Zippy, kinetic and brashly funny, The World’s End comes to the U.S. from its native England hard on the heels of This Is the End, an American comedy about ordinary mortals (comedians, actually, so maybe not so ordinary) manning up to deal with apocalyptic plot developments. World’s End, a collaboration among director Edgar Wright, co-writer and star Simon Pegg and co-star Nick Frost, joins the trio’s earlier genre scrambles Shaun of the Dead (zombie invasion plus rom-com) and Hot Fuzz (Bad Boys-brand action movie plopped down in Miss Marple land).
For a while, you think you’ve wandered into the wrong movie. Every trailer, poster and shorthand description of The World’s End in existence mentions the alien robot Invasion of the Body Snatchers angle, yet for a good while Wright’s film is simply the story of 40ish London bloke Gary King (Pegg) struggling with his alcohol addiction but determined to reunite the old gang for another go at the 12-pub crawl that defeated them at age 19, back in their green, gray hometown of Newton Haven.

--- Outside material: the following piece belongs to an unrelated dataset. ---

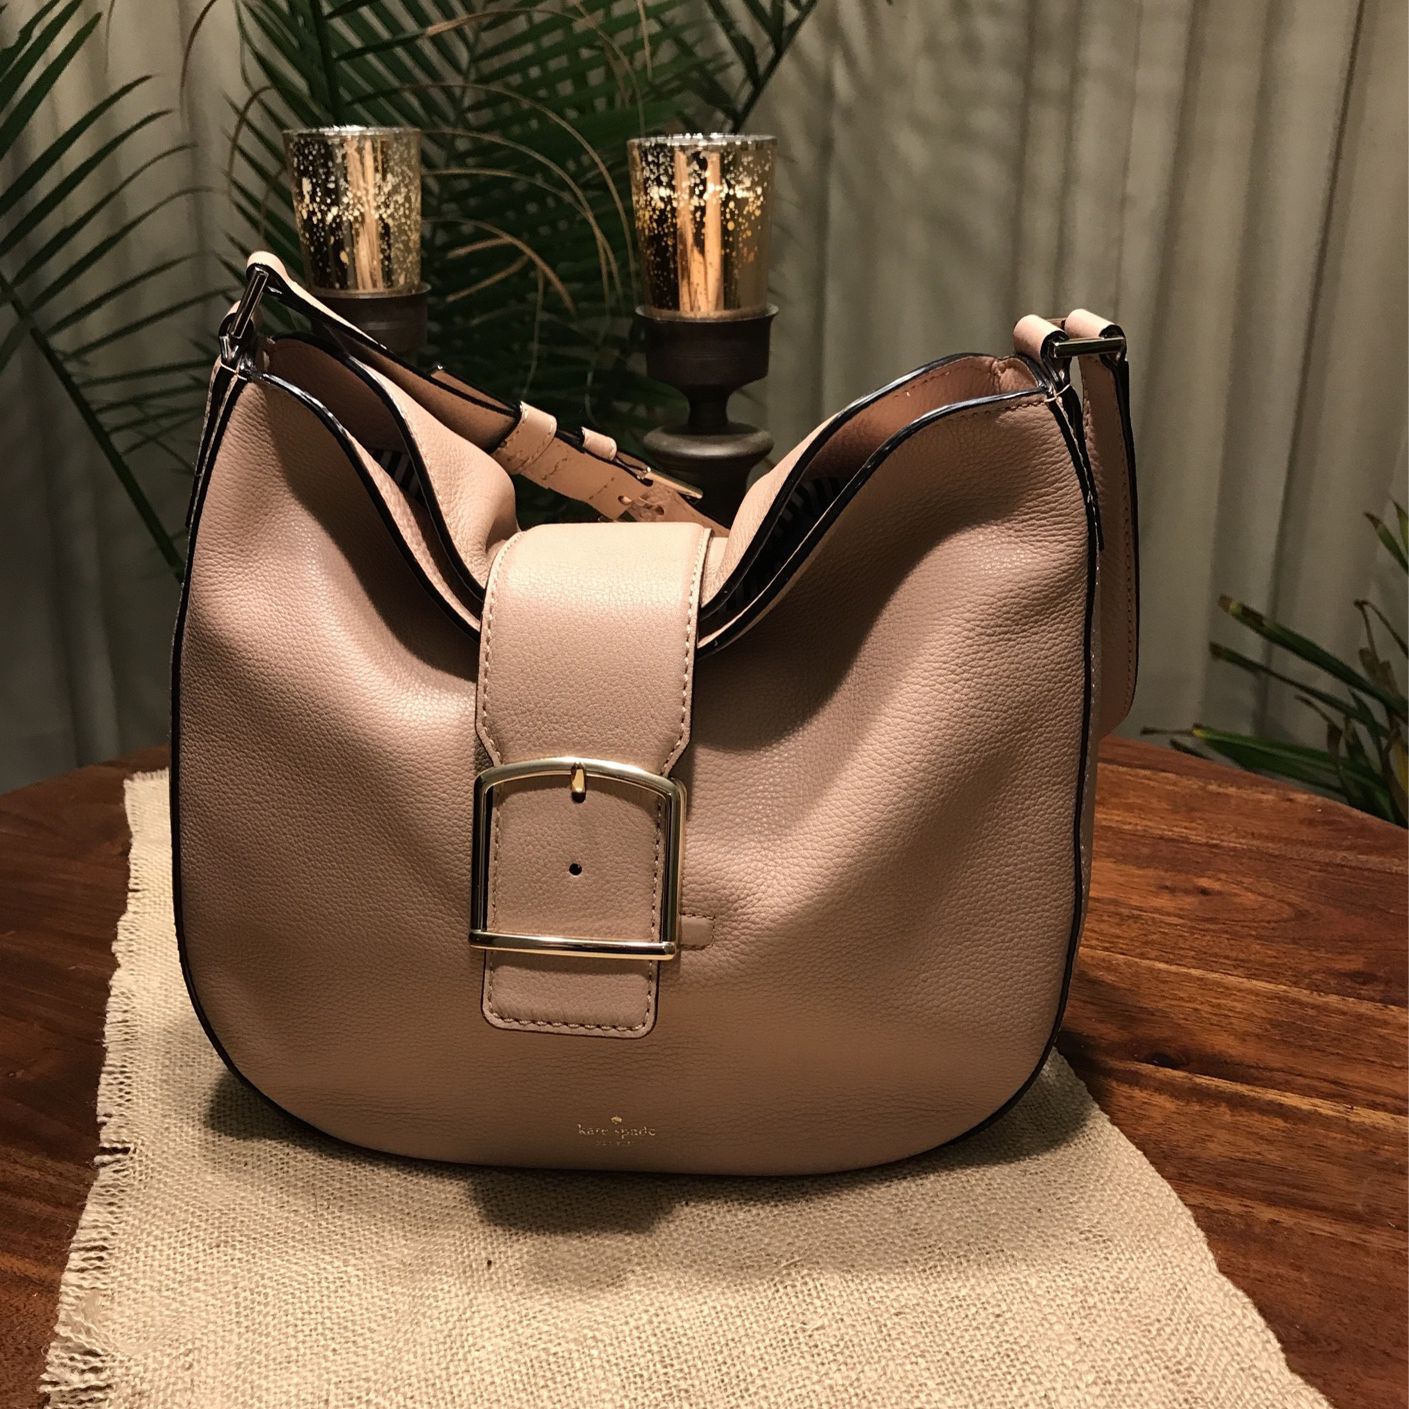 Kate spade Leather Bag Nude Color  !!!! Must Go Today!

Upon their return, everything’s slightly off. The pubs have all been standardized (“Starbucked,” as one of the guys puts it). Old drinking acquaintances fail to recognize Gary and his mates, played by a marvelous quartet of actors. Frost portrays the reformed pub conqueror, now a well-to-do, soft-spoken investment type, whose proximity to Gary spells a probable tumble off the wagon. Martin Freeman (The Hobbit), Eddie Marsan and Paddy Considine fill out the dance card, along with Rosamund Pike as the one Gary adored once upon a time.

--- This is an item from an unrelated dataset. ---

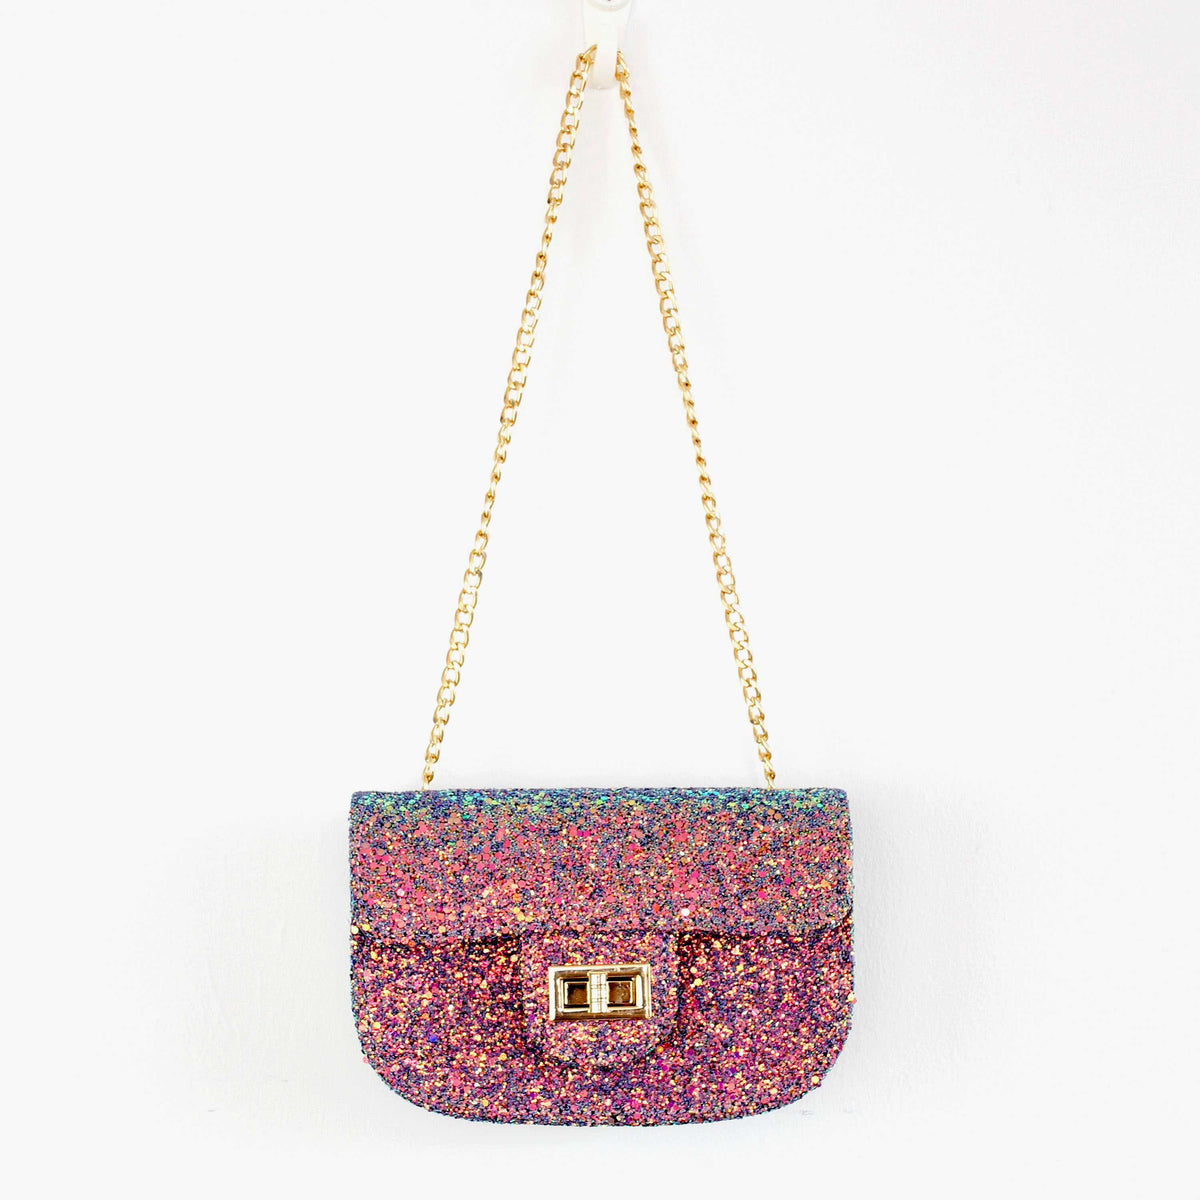 Reversible Sequined Chain Bag - worthtryit.com

The movie is madly, wonderfully at odds with itself. As with Shaun of the Dead and Hot Fuzz, the multiple personalities of the project pay off. This one’s also grown-up enough to look at Gary’s arrested development as not simply a charming boy-man quirk but something holding him back. (In this regard, The World’s End is the opposite of the Hangover movies.) When decapitated, or limb-lopped, the robot replicas taking over the town bleed blue goo, which is an interesting sight. Wright stages the fight sequences (one too many, I’d say) as Jackie Chan-inspired melees, with the fearsome five-some clobbering the aliens with anything and everything available, including pub stools.
At this stage in their careers, Pegg and Frost have done so much together onscreen, and so smoothly and well, their communication skills border on the surreal. I do wish Pegg had found more variations on the theme of pop-eyed mugging to pull in the early scenes; Gary is meant to be a bit tiresome, the party boy who won’t stop, but Pegg is, in fact, a better, subtler actor than you see here. Nonetheless, he’s the spark plug of Wright’s party. The World’s End has the blithe, skillful air of: Take it or leave it.